■ TASK ITEM:
Return the full listing unchanged, apart from leaving out its images.

(INFORMATION SHOWN Opens)

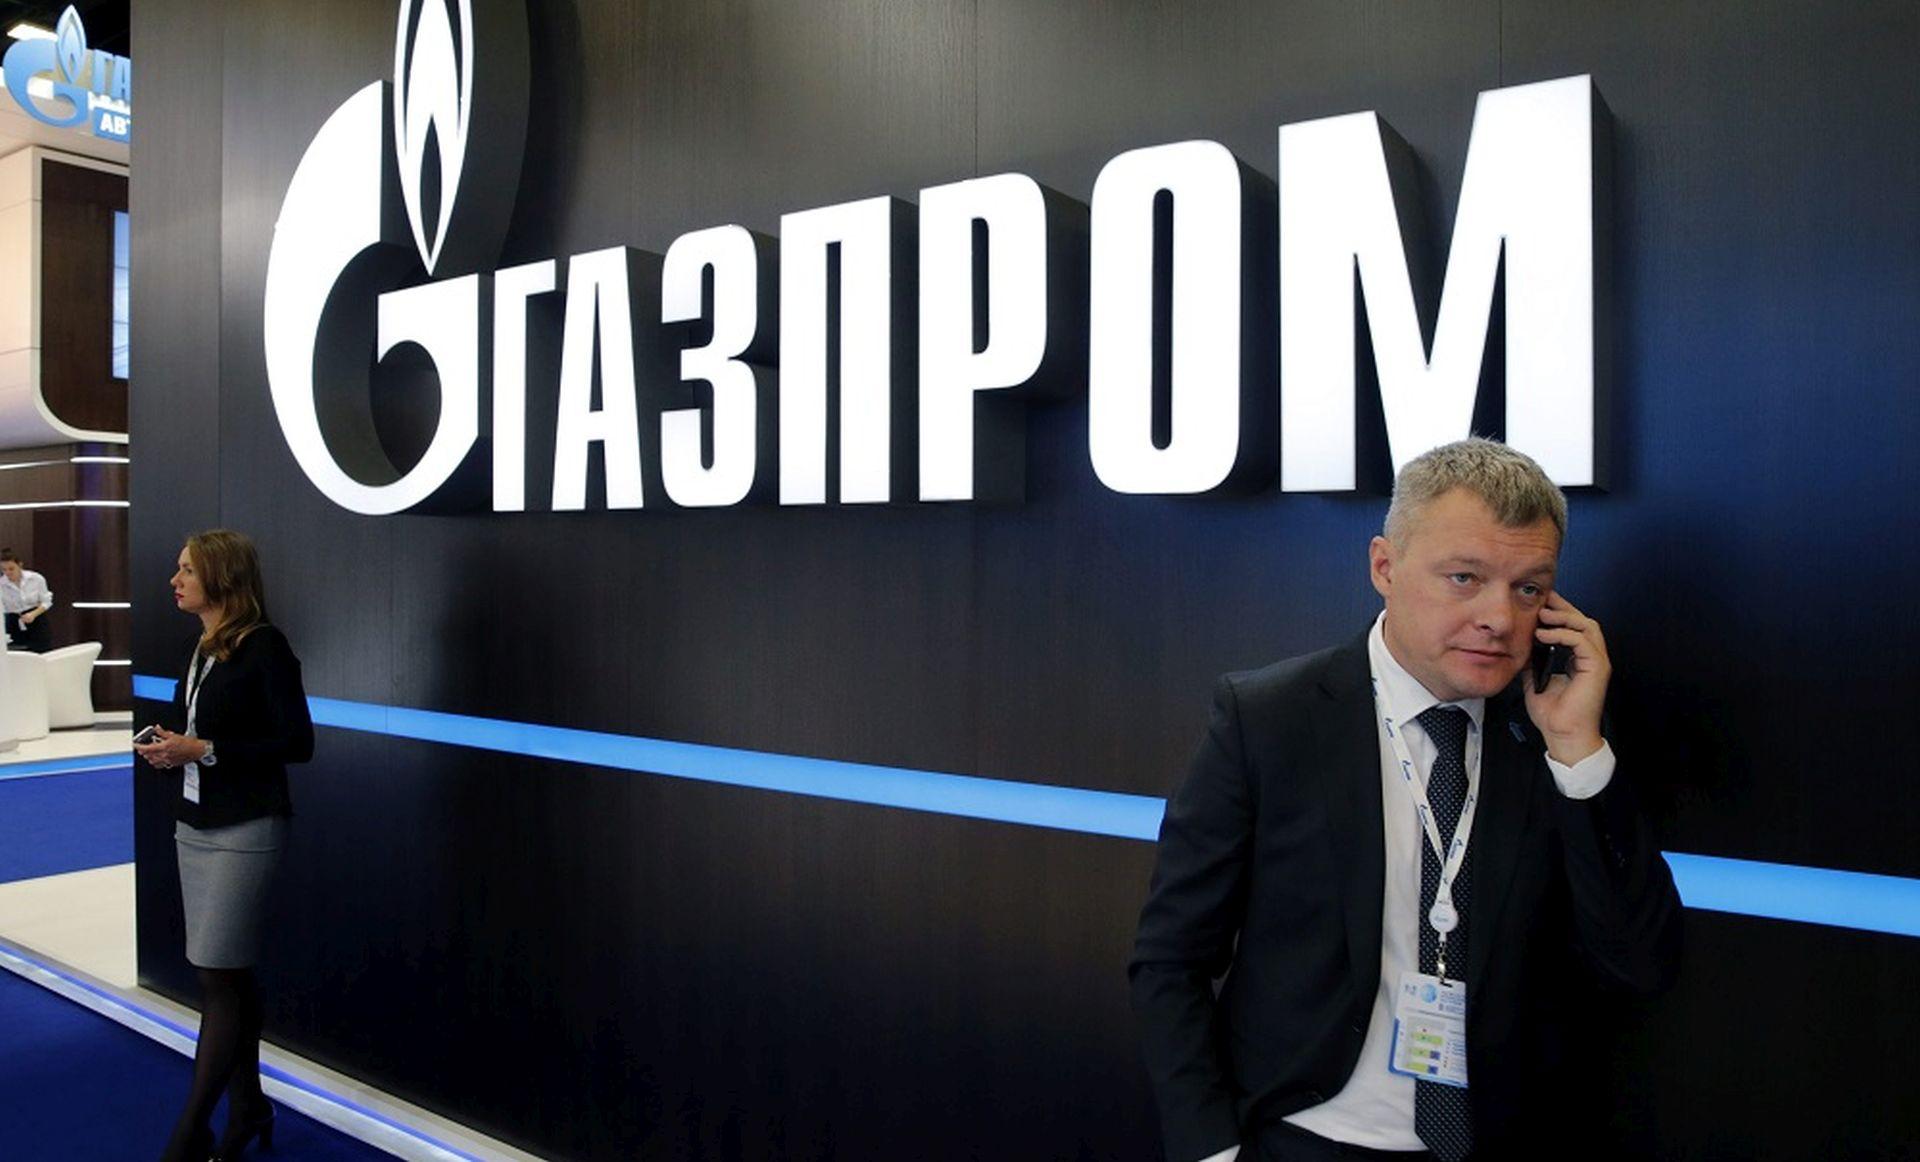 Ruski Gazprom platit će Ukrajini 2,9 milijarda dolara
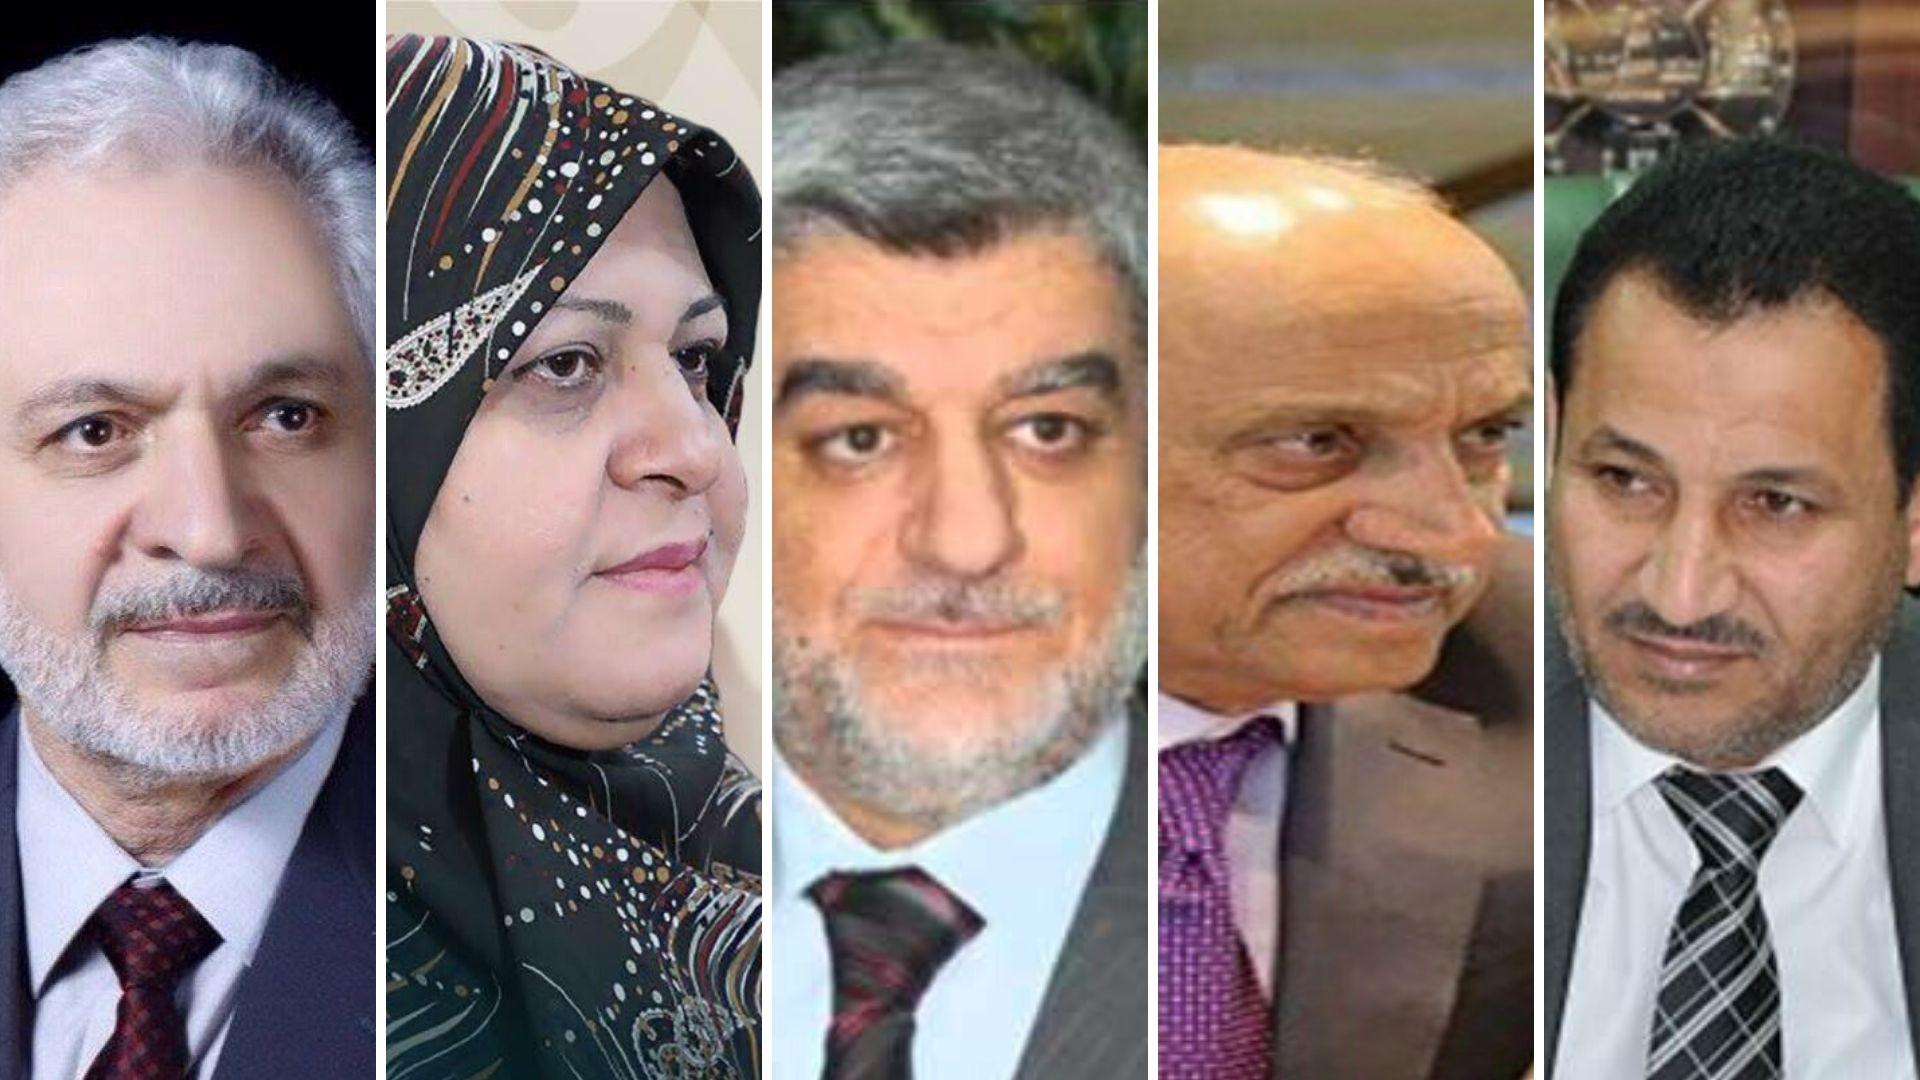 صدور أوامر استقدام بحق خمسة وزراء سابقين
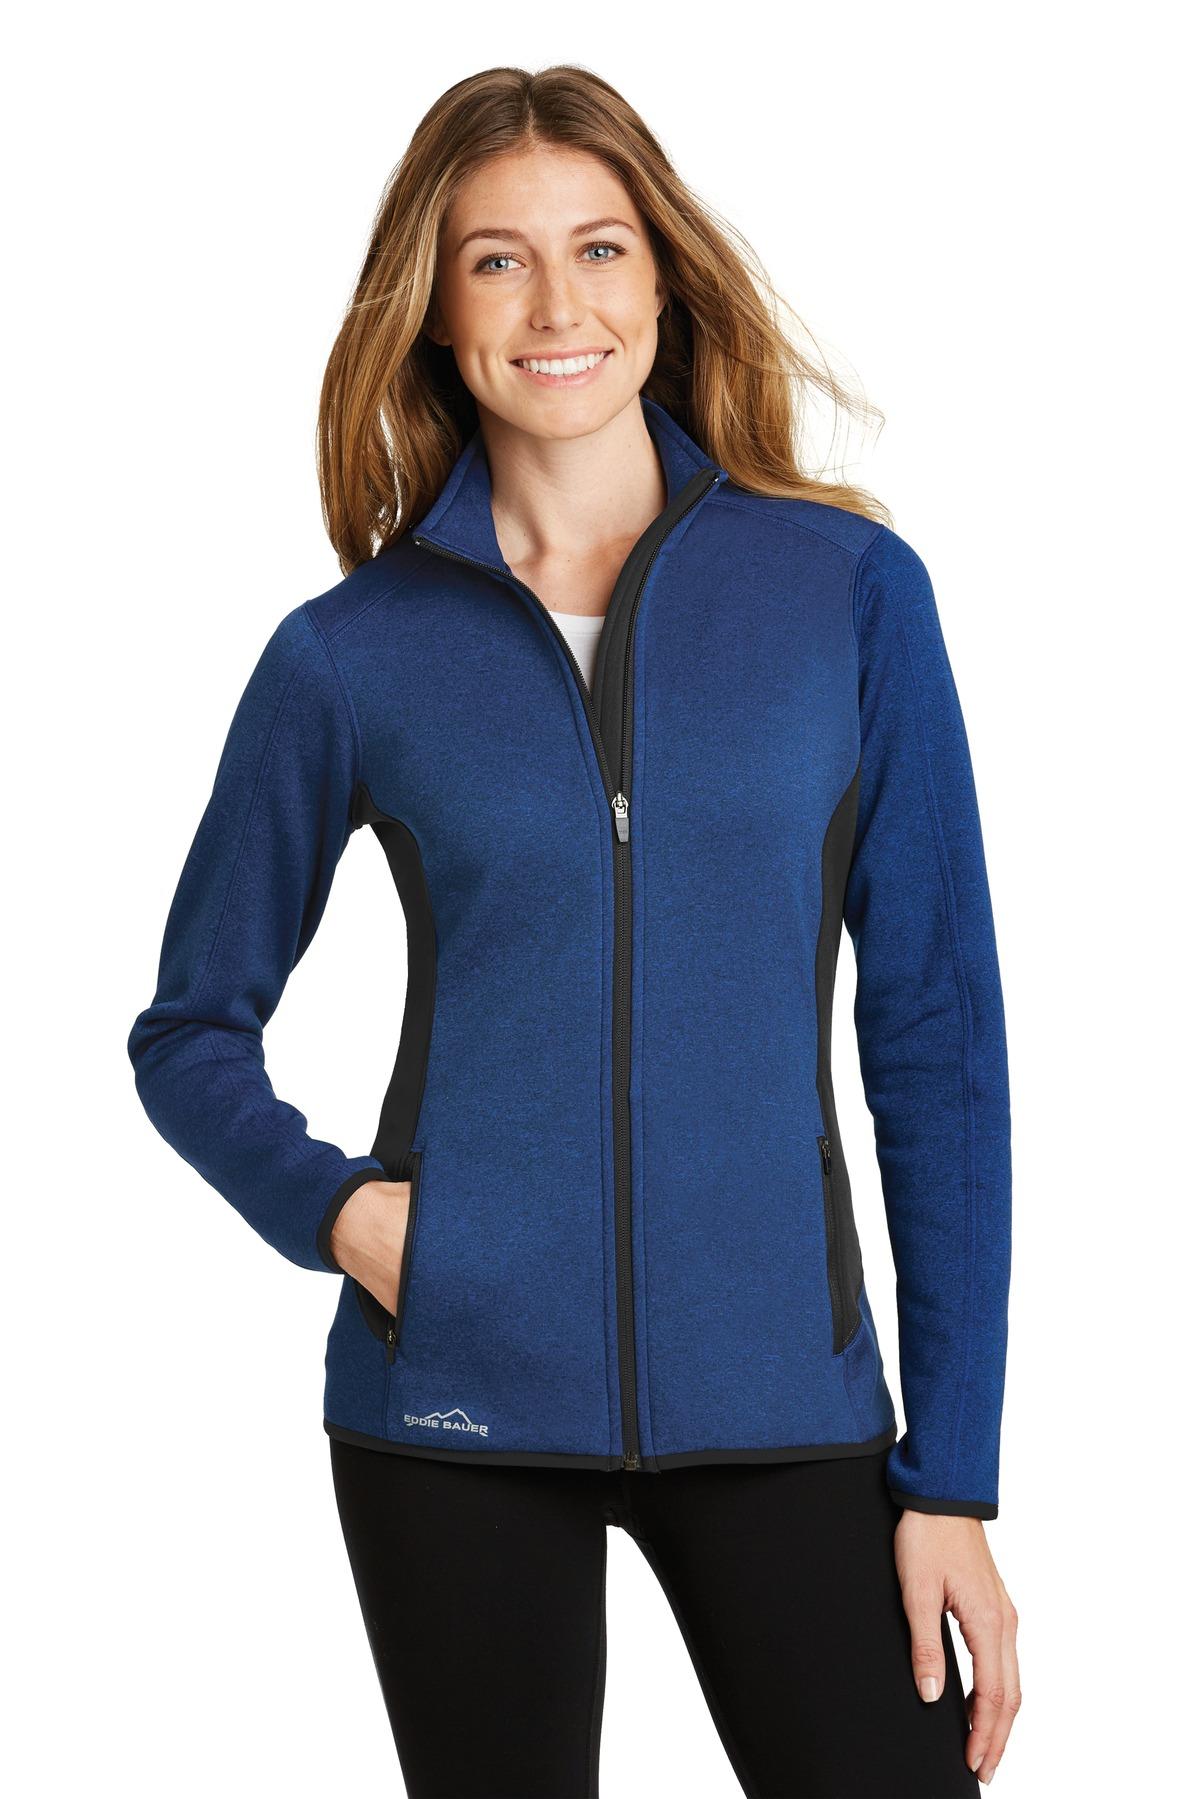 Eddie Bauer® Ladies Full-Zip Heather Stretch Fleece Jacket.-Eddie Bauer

(INFORMATION SHOWN Closes)

■ YOUR SOLUTION:
 Ruski Gazprom platit će Ukrajini 2,9 milijarda dolara
 صدور أوامر استقدام بحق خمسة وزراء سابقين
 Eddie Bauer® Ladies Full-Zip Heather Stretch Fleece Jacket.-Eddie Bauer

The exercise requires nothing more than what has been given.